COMMUNICATION ISSUES
18. Crucial to the success of this approach
is the way that the new process is communicated. The key point
to stress is that charges have not risen for those who pay cash
or pay electronically in advance. The post-payment fee only applies
for those who choose to pay in arrears (and for simplicity this
is in line with the recently revisedmore generousLondon
Congestion charge policy). The PCN process is simply a necessary
backstop.
SAFETY ISSUES
19. It is paramount that the new process
does not, in any way, encourage drivers to use their mobile phone
or other device to make a payment whilst driving. For this reason
it is proposed that the period in which post-payments are accepted
(up until midnight on the day following the crossing) be deliberately
generous.
EXCEPTIONS
20. Military vehicles and other exemptions
would continue to report to the toll booths.
COMMERCIAL ISSUES
21. Given the two distinct work streams
the project should be awarded in two lots:
Lot 1: the highway modifications including
removal of existing booths to allow free flow lanes, the installation
of signage and suitable over-gantries, verticals and ductwork
to support the installation of cameras.
Lot 2: the provision of the ANPR cameras,
hosted technologies and the entire business process to register
motorists, take pre-payments, post-payments and issue enforcement
notices. This lot should be written in terms of outcomes and service
levels rather than being prescriptive about the means and methodologies.

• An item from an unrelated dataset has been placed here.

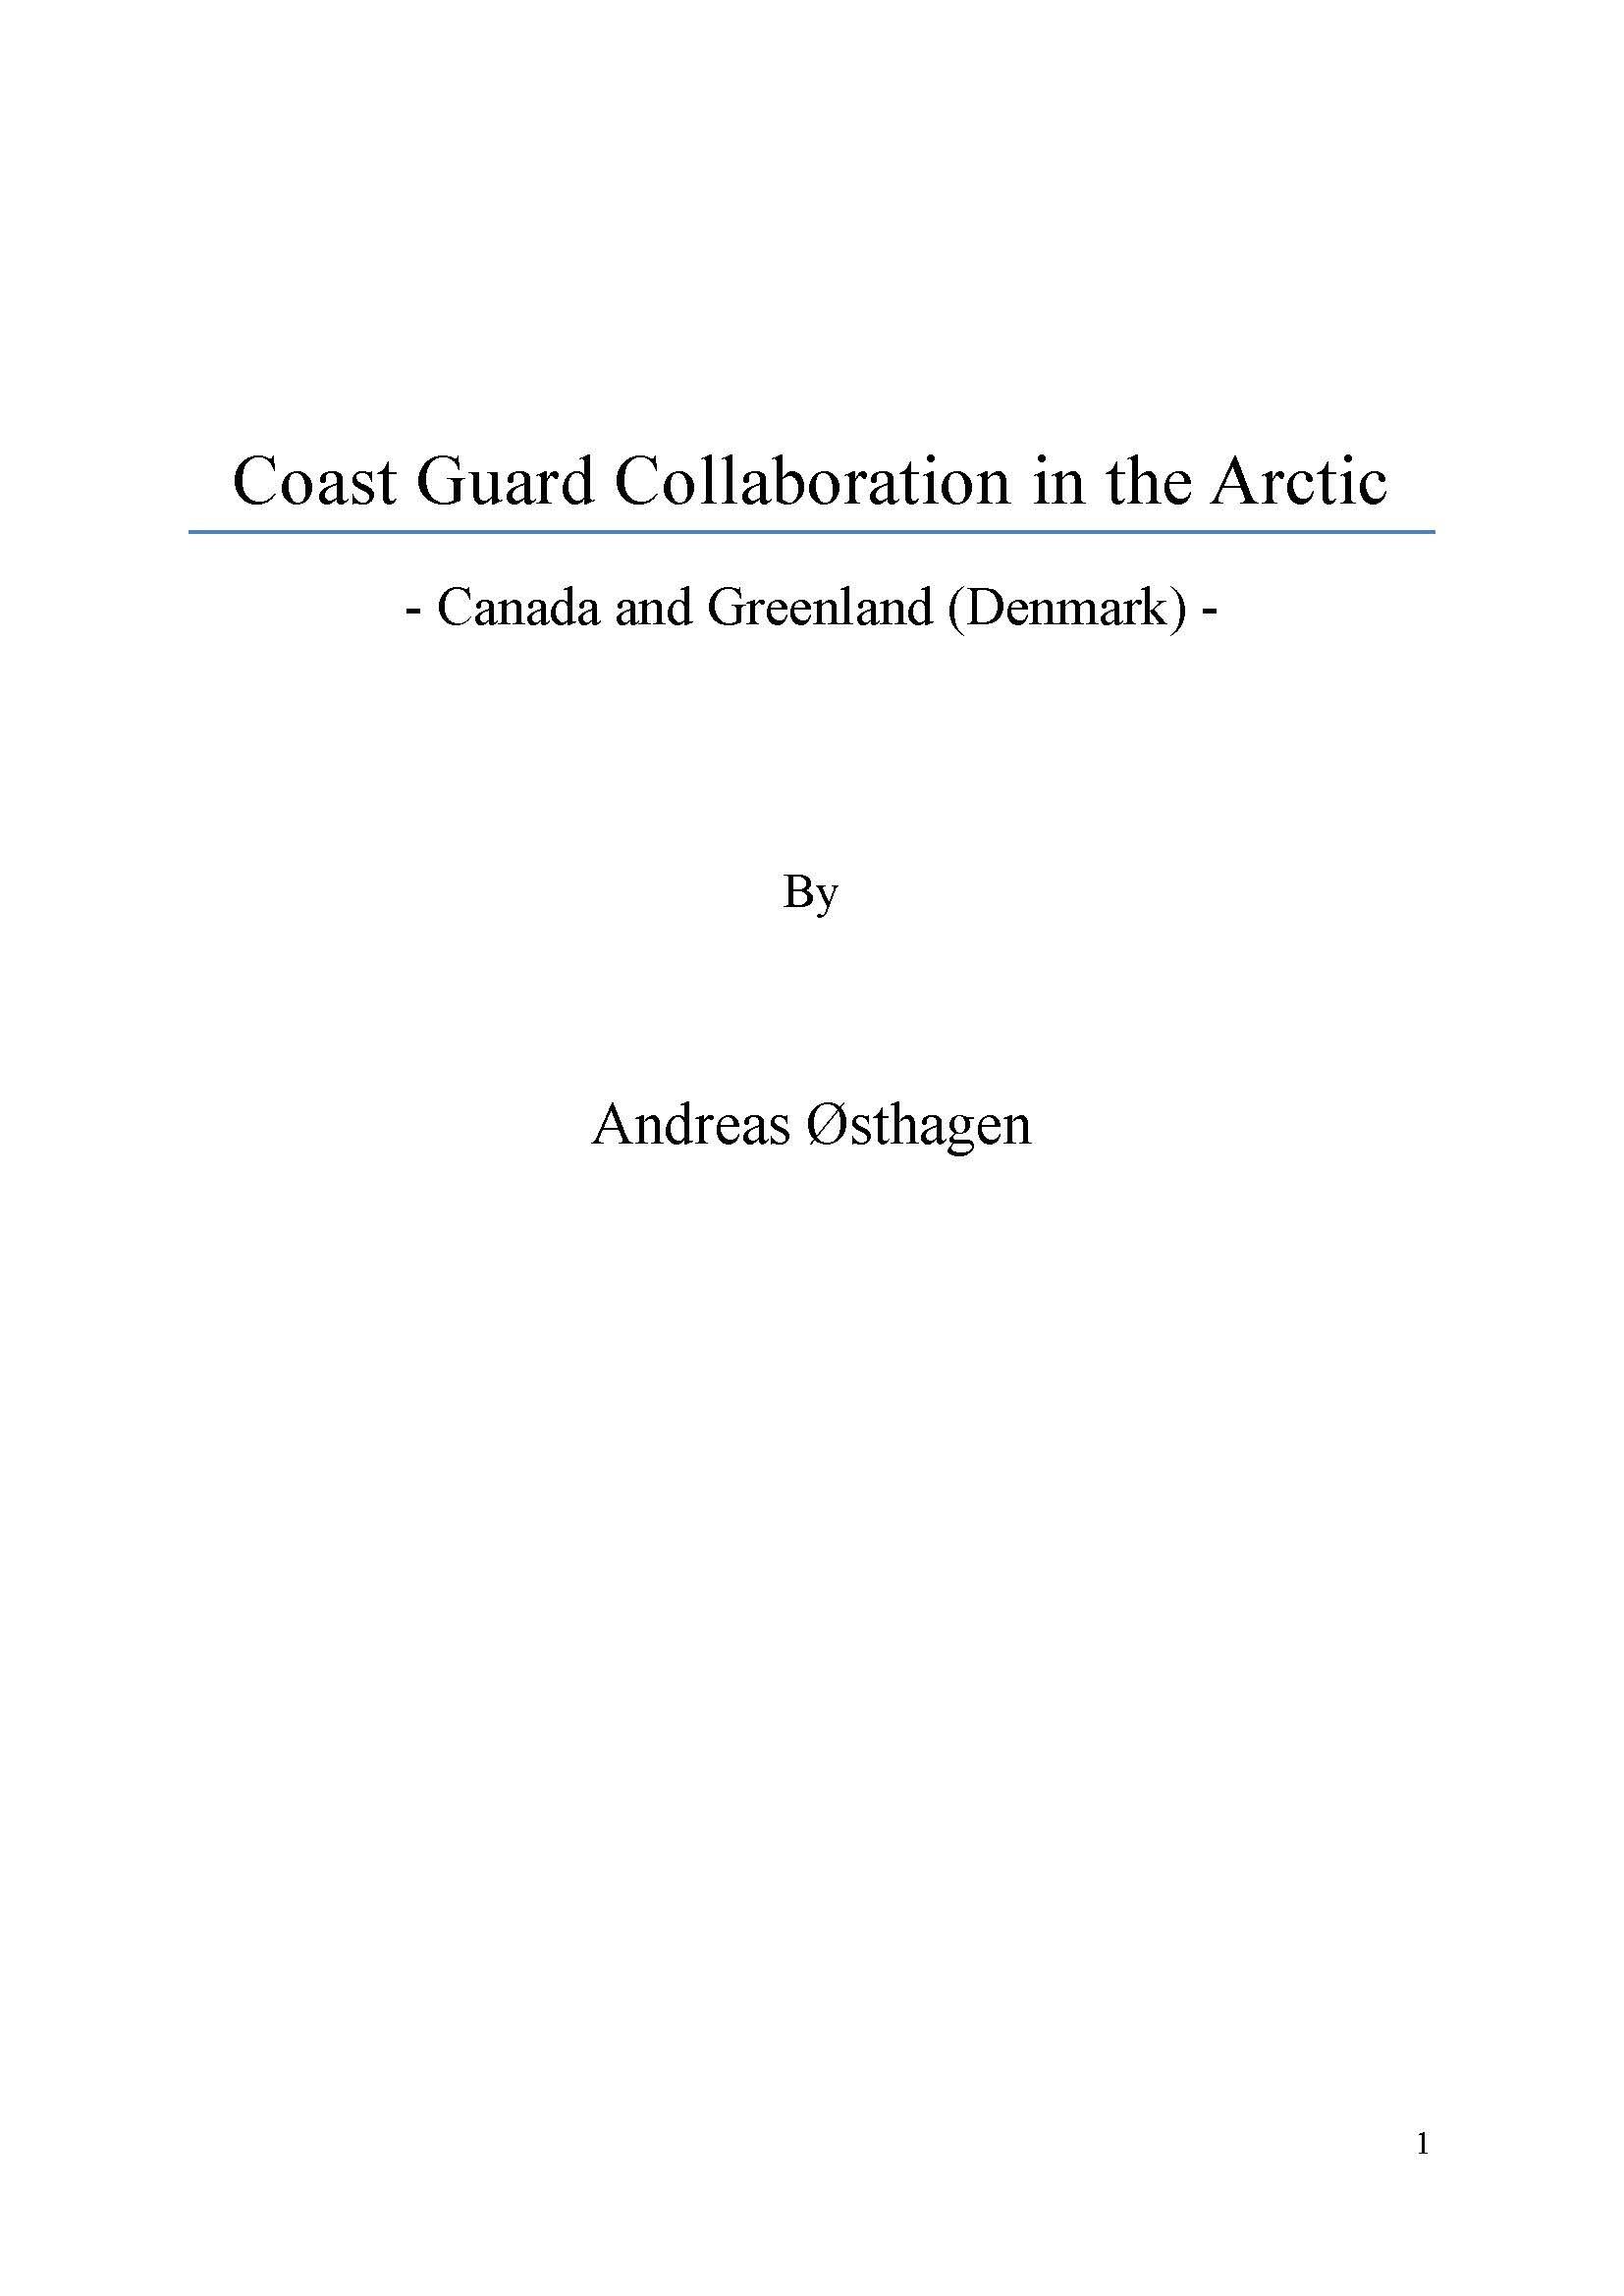 2014_Andreas_CoastGuardCollaboration_COVERONLY

I cannot comment on the first of these but I
am of the view that Lot 2 could be supplied on a zero capital
cost, self-funding basisthat is the contractor should,
with a reasonable contract length of say 5+3 years, be able to
return the full toll price to the Severn Bridge yet still set-up
and run the service, including the enforcement process and inevitable
evasion, on the basis of retaining the post payment premiums and
enforcement revenue alone. Clearly other financial models could
be created.
The speed at which such a process could be implemented,
as ever, will be reliant on bureaucratic process elements such
as procurement and legislative change, not the practicalities
of implementation. Were these constraints not in place this project
could be reasonably achieved in six to eight months from conception
to launch.
BENEFITS
£90 million per annum in coins represents
not far short of a thousand tonnes of bullion. Reducing the collection,
handling, counting, transport and banking of these coins would
lead to significant savings;
counterfeit pound coins, which the Royal
Mint estimates comprise 3% of the national stock, cannot be exchanged
or passed-on and are worthless. The crossing company must be subject
to considerable losses in this regard;
the existing workaround process for non-payment
of tolls could be eliminated;
useful economies of manning could be
made; and
millions of motorists would be spared
the obligation of using an archaic process.
SUMMARY
22. Coins are a pre-Christian technology.
We live in a digital age. It is arguably a mild national embarrassment
that the prime gateway to Wales is operated as it is. The solution
is to implement a service in which the credit card, the mobile
phone and the vehicle registration are linked in an easily established
account so that free-flow transit can be made. Analogous and successful
services are already established, secure, familiar to the UK motorist
and operate at the scale and intensity required.